MCP limitations (May 2025)
Three things to know. Security: MCP doesn't enforce auth, and Cloudflare's Workers OAuth Provider Library fills the gap. Collaboration: MCP is mostly client-to-server, and for agent-to-agent see Google's A2A and IBM's ACP. Streaming: standard MCP calls timeout in 30 to 60 seconds, so use streamable HTTP for long ops.
Prompt injection
Tool Calling expands the attack surface. Adversaries inject malicious text into tool inputs to steer downstream calls. Six defense patterns from Beurer-Kellner et al. 2025:
| Pattern | How |
|---|---|
| Action-Selector | Predefined action set; no feedback to agent |
| Plan-Then-Execute | Agent commits to a fixed plan; tool feedback can't deviate from it |
| Map-Reduce | Isolated subagents process untrusted prompts; reduce step uses constrained Action-Selector |
| Dual-LLM | Privileged LLM uses tools; sandboxed LLM processes untrusted data without tools |
| Code-Then-Execute | LLM writes a program that calls tools and spawns unprivileged LLMs for untrusted text |
| Context-Minimization | Strip the user's original prompt from context in subsequent steps |
References: ReAct (Yao et al. 2022); Toolformer (Schick et al. 2023); Beurer-Kellner et al. 2025. GitHub, Sentry, and Zapier all expose MCP servers.
Pattern 22 — Code Execution
Code Execution has the LLM generate code in a programming language or DSL, and an external system (typically a sandbox) executes it.
Problem
Tool Calling fits when a function takes a small list of parameters.
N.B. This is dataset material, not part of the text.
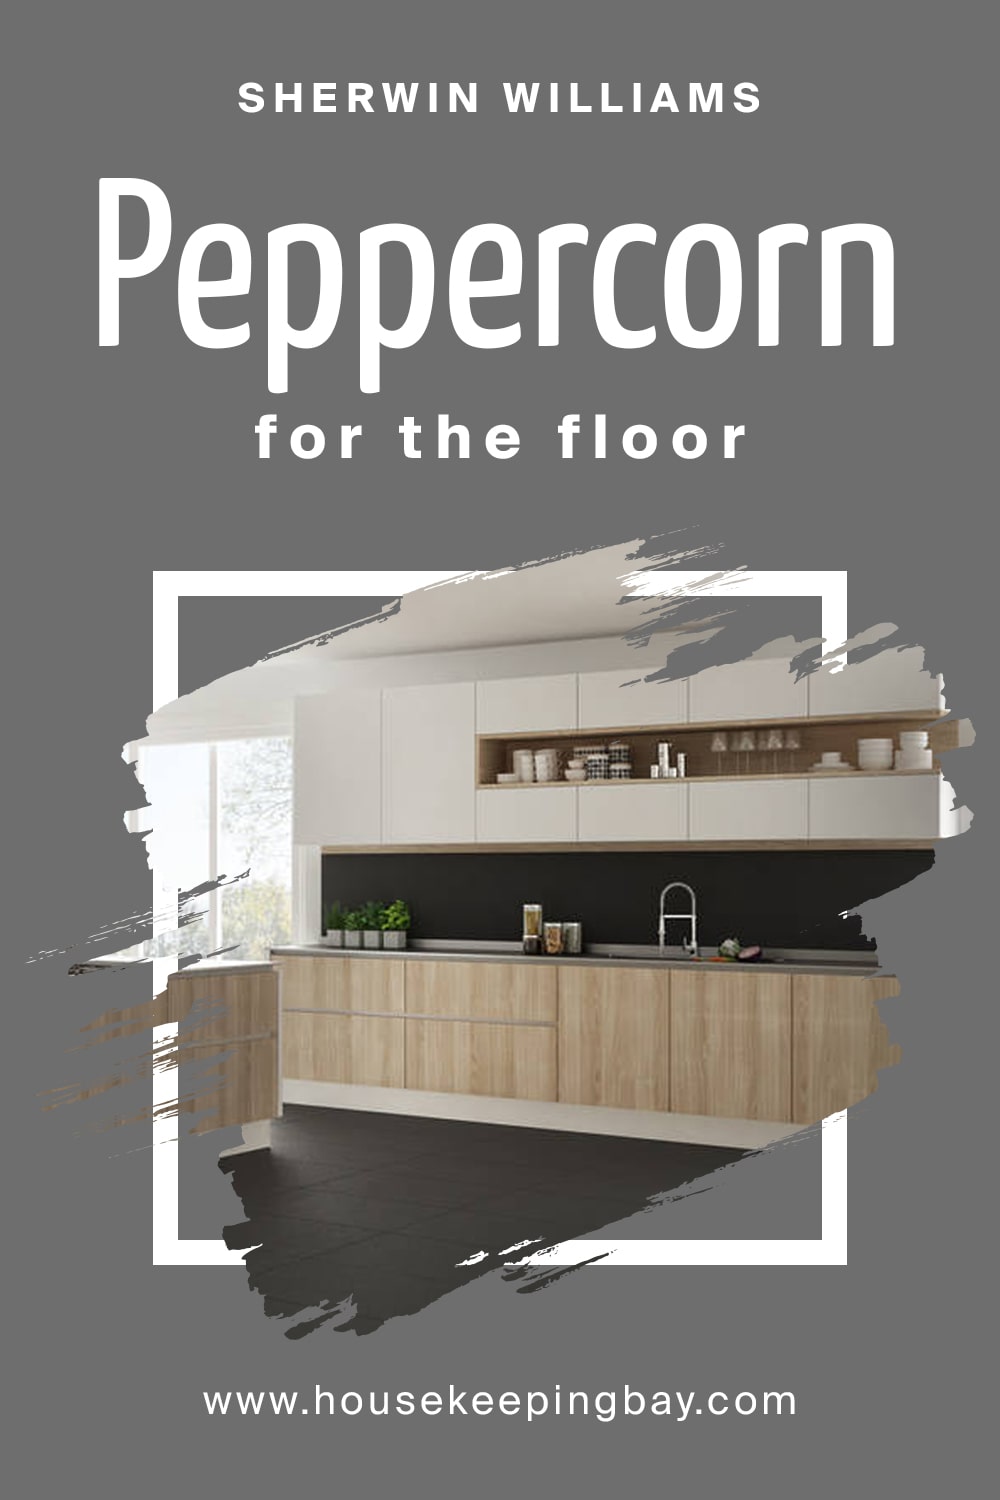 Peppercorn for the floor

It breaks down when the function expects a long DSL string: graph-drawing (Matplotlib, Mermaid), image annotation (ImageMagick), or database queries (SQL). LLMs are also bad at directly producing graphs and annotated images, but they're good at writing the code that produces them.
Solution
LLM emits the DSL, postprocessor sends it to the executor, result returned. For database updates, have the LLM produce SQL and send it as a single transaction. Don't ask the LLM to maintain integrity.
Combine with ReAct so some interleaved steps are code execution.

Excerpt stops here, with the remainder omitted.